Integer literals have a bit of additional complexity here: in the compiler, they are a like a special ad-hoc kind of type variable that only unifies with integer types. That helps us here to narrow down the impls. In this SLG solver, you could model that instead with a pair of goals, like `Vec<T>: Index<?U>`

and `IsIntegral(?U)`

, where `IsIntegral`

is true for the integral types.

1 Like

Regarding the resolution of:

`impl<T> Foo for T where T: Bar, T: Baz,`

I wonder if there would be a way to alternate between `T: Bar`

and `T: Baz`

.

If we name those two subgoals A and B, and imagine that A has 1,000 possible answers (`#A`

) while B has 10 possible answers (`#B`

), then the "Oracle" way is to enumerate B's answers and cross-check them against A's.

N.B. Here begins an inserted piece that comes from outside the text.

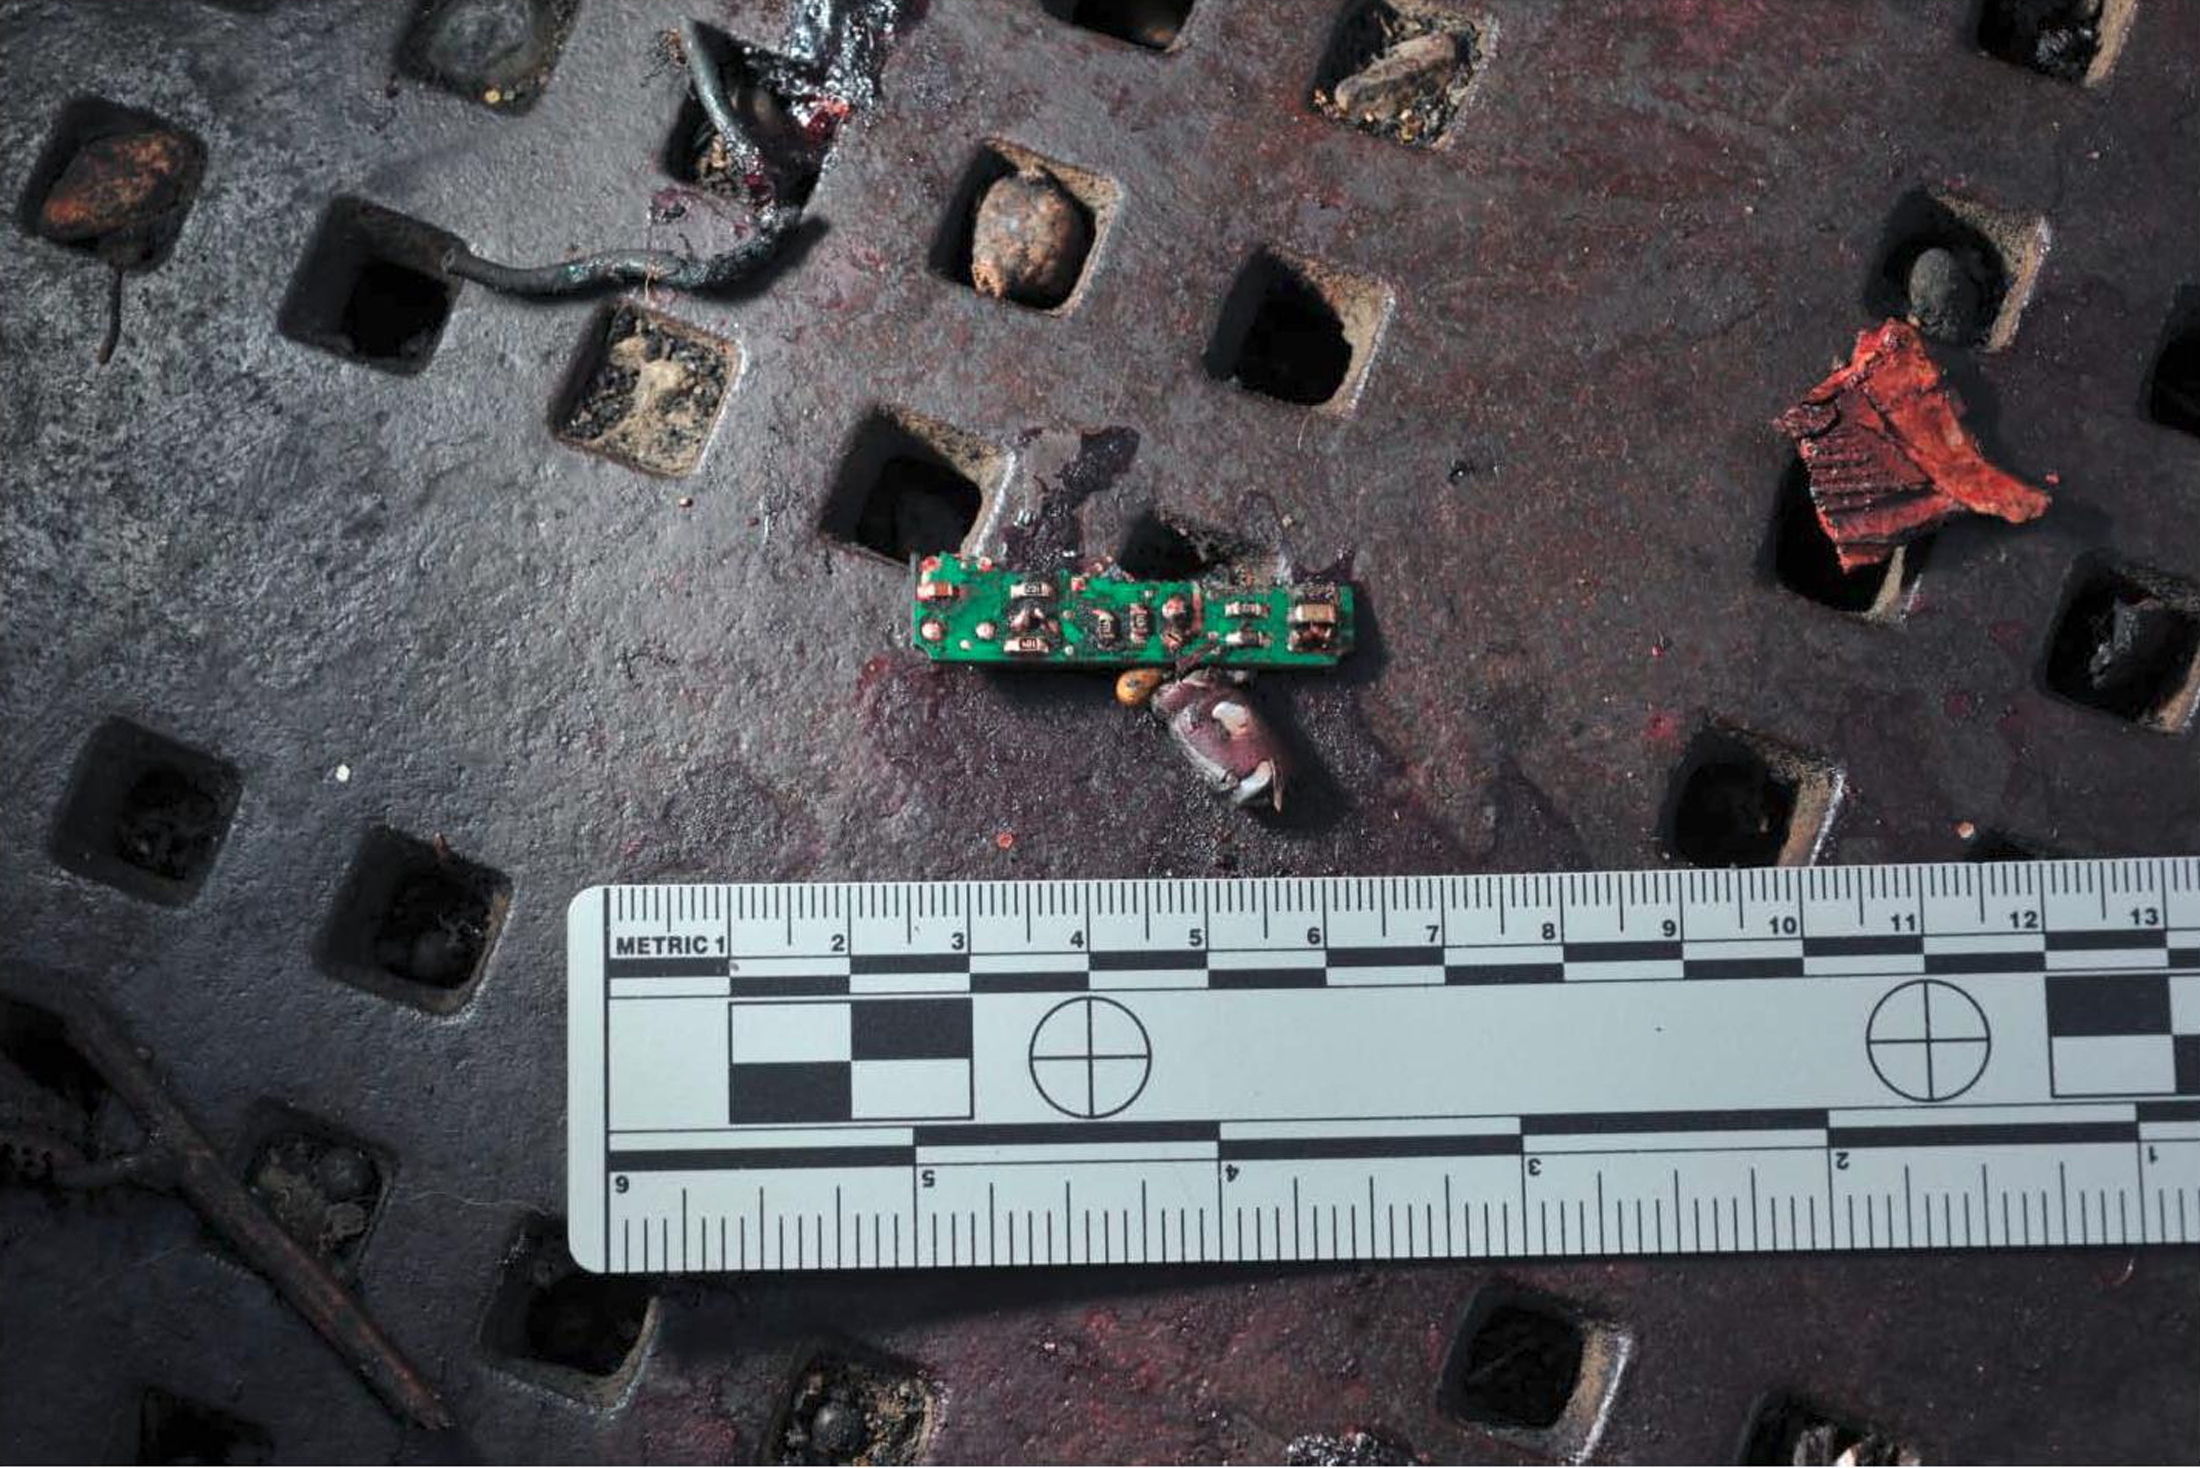 波士顿爆炸装满炸药压力锅是“元凶” 现场可疑者照片引热议

In this way: B generate 10 answers and A cross-check 10 answers. This gives the optimal complexity of `ϴ(min(#A, #B))`

(in the number of answers generated).

The other way around, A generates 1,000 answers and B cross-check 1,000 answers has a worst-case complexity of `ϴ(max(#A, #B))`

.

So, what about simply alternating?

That is, let A produce an answer, cross-check it with B, then let B produce an answer, cross-check it with A, and keep going. In this way:

- A generates 10 answers and B cross-check 10 answers,
- B generates 10 answers and A cross-check 10 answers.

In fine, we end-up with a worst-case complexity of `ϴ(2*min(#A, #B))`

.

Or, in the general cases of N sub-goals, `ϴ(N*min(A[0], A[1], ... A[N-1]))`

, which doesn't sound so bad compared to the optimal complexity.

2 Likes

If you’re still working on that, you might be interested in the following papers or keywords:

- Earley Deduction (quite old)
- OLDT resolution
- memoization in constraint logic programming which generalizes OLDT.

It seems like the work you describe in your blog post is already pretty close to these.